DATA EXTRACT
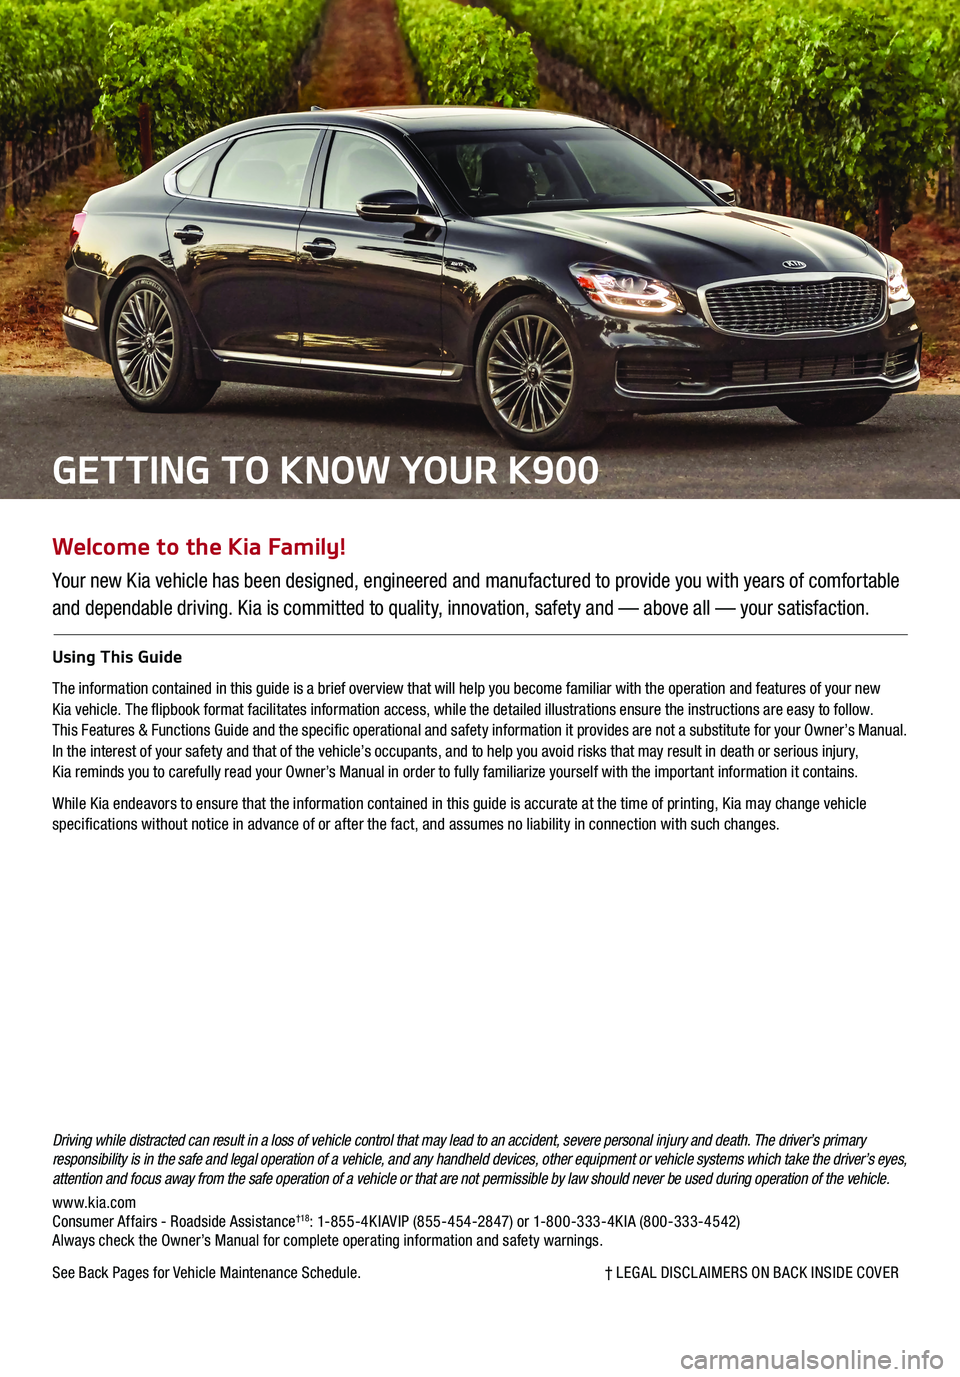 KIA K900 2020  Features and Functions Guide Welcome to the Kia Family!
Your new Kia vehicle has been designed, engineered and manufactured to provide you with years of comfortable 
and dependable driving. Kia is committed to quality, innovation

YOUR TASK
Reproduce the data word for word without its images.

THE ANSWER
 KIA K900 2020  Features and Functions Guide Welcome to the Kia Family!
Your new Kia vehicle has been designed, engineered and manufactured to provide you with years of comfortable 
and dependable driving. Kia is committed to quality, innovation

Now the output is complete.